So you want to be a data scientist. That’s great. But you may be wondering where to start. Sometimes it feels like you are trying to do the impossible like get up to the speed of light. Things get awful heavy as you start going faster. And incremental increases in speed seem to be harder and harder. Good news to you! It isn’t that hard!
Remember, data science may seem like a daunting discipline to learn, but it is a fairly new discipline. Sure it borrows from many other disciplines like statistics, machine learning, database storage, information retrieval, all of which have long histories. But remember, they were created by other human beings. That brings me to the main point. Another human being created the technology. The concepts do really fit inside of a human brain. You can understand these things.
So what do you need to be a good data scientist? From my experience, in a totally subjective, not-data-driven opinion, it’s coding chops.
I think that is what separates a good statistician from a data scientist waiting to happen. I remember in Graduate School, when somebody had something that needed to be coded that wasn’t a canned in a statistics package, they turned to me. You need to pull data off of a thousand pages on this website, and then run that data through some analysis. No problem, give me an afternoon and a thank you in your paper. That is the sort of coding chops that I am talking about. How about an estimator that isn’t supplied in the standard library for my statistics program? Write down the math and I will crank it out in an hour or two. Caution, it may run slow, until I dig into the guts of the math. How about estimating the solution to an ordinary differential equation given these initial condition that has no closed form solution? No problem, I wrote a program that did that sort of thing last week.
That is the kind of coding chops that you should have to be a data scientist. If you can make yourself that sort of a resource, then you stand a chance to become a data scientist. I suggest learning to code in python. If you want to get started with python, check out my course that teaches the basics of python.

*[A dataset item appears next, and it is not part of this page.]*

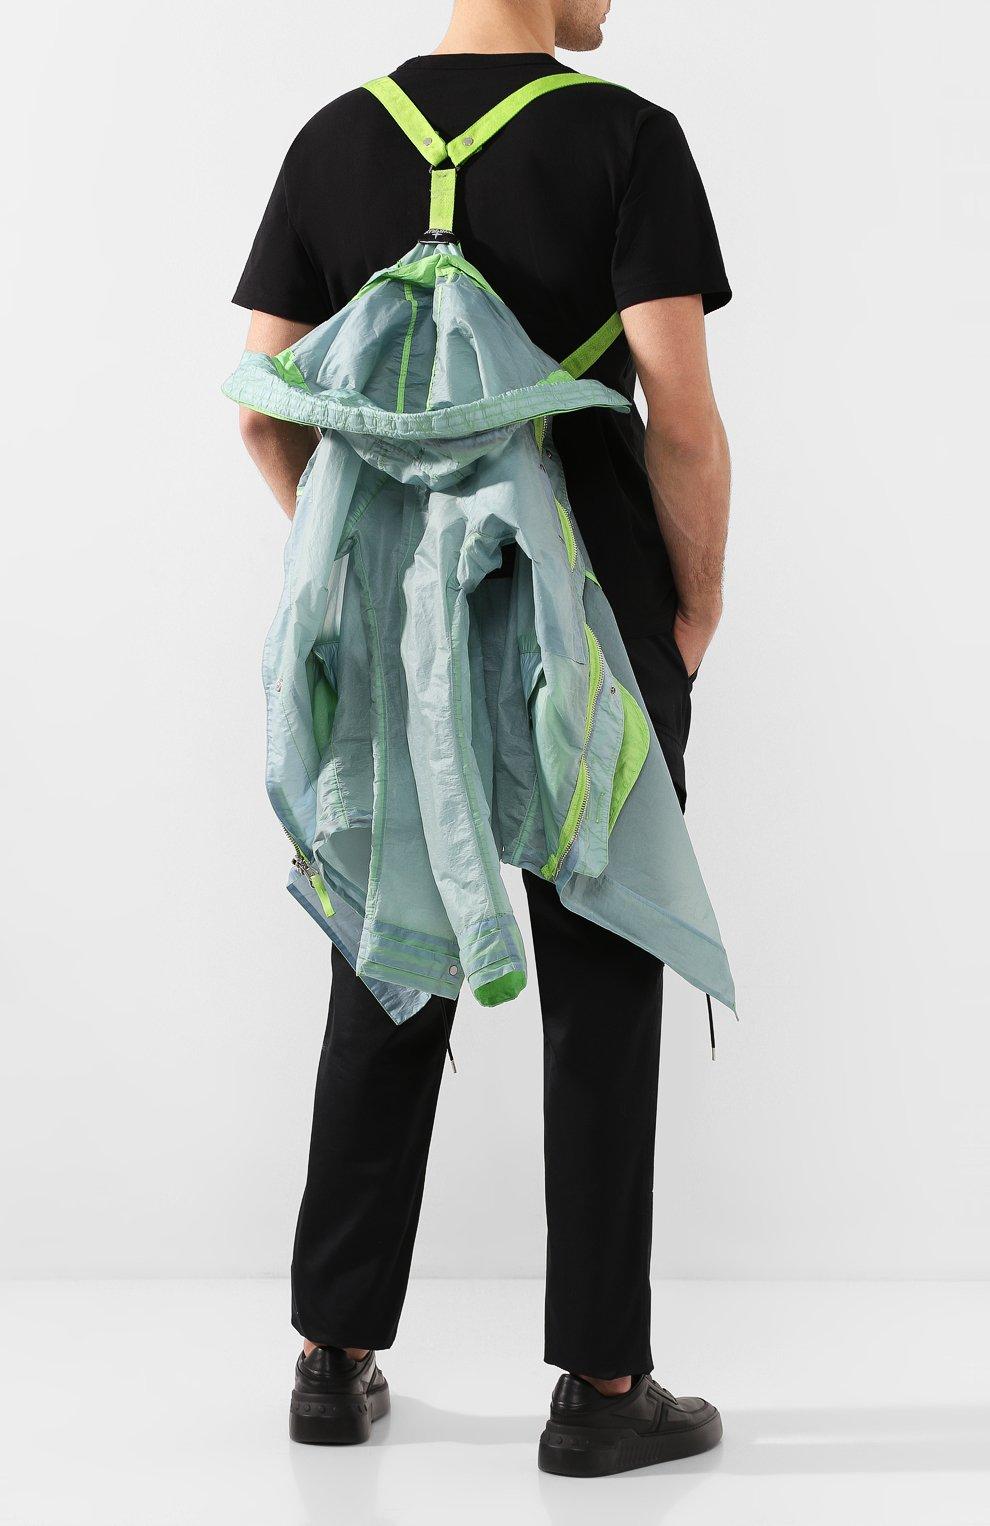 Мужской плащ STONE ISLAND SHADOW PROJECT светло-зеленого цвета, арт. 721970105 | Фото 6

Next on your list of things to learn to be a data scientist is some statistics. Sure you can learn all sorts of things great things, but in my experience. The descriptive statistics that I produce tend to be the best understood analysis that I have done. Also these sorts of analysis tend to be the ones that make the most impact on my organization. That isn’t to say that the other algorithms aren’t important, its just that for the most part I tend to do lots and lots of A/B testing. So we get to do things like take the average number of clicks per impression and see if one is statistically different from the other. This is just something that you have got to know.
But statistics is really what you need to know. Imagine my shock when I got my first job, and my manager (a non-technical business type) said, “Yes, this is the mean and standard deviation. I get that, but I just wish that there was someway to actually <i>see</i> the distribution that you are talking about. I am a very visual person.” I quickly produced a histogram, and boom almost instant celebrity status.
Then you need to move on from that. You need to know some advanced algorithms. They come in handy. I’ve had to figure out how to compare multiple time series to observe the differences between a normal day, and an abnormal one before. This sort of analysis gives you similarity matrices. Check out this podcast episode to see how to do this.
These things can get quite unruly so you need to know linear algebra and how to apply that to a sparse matrix. Again, this is going to require coding chops, but it also implies a certain comfort with higher-level mathematics. Remember, humans came up with these mathematical ideas. So they are intelligible, in fact, often they are quite beautiful, if you know how to look at them. I wouldn’t bother with Calculus, at least not initially. Find a book on linear algebra that you like. I would curl up with that thing and just keep playing around until almost everything that you see, starts to look like a matrix or a vector. Once you have started to think like that, you have started to think like a data scientist.
In short to be a data scientist is simple. Write more code, to do more things than a statistician would. And do more statistics than a coder would. When you hit this happy medium, guess what? You are a data scientist.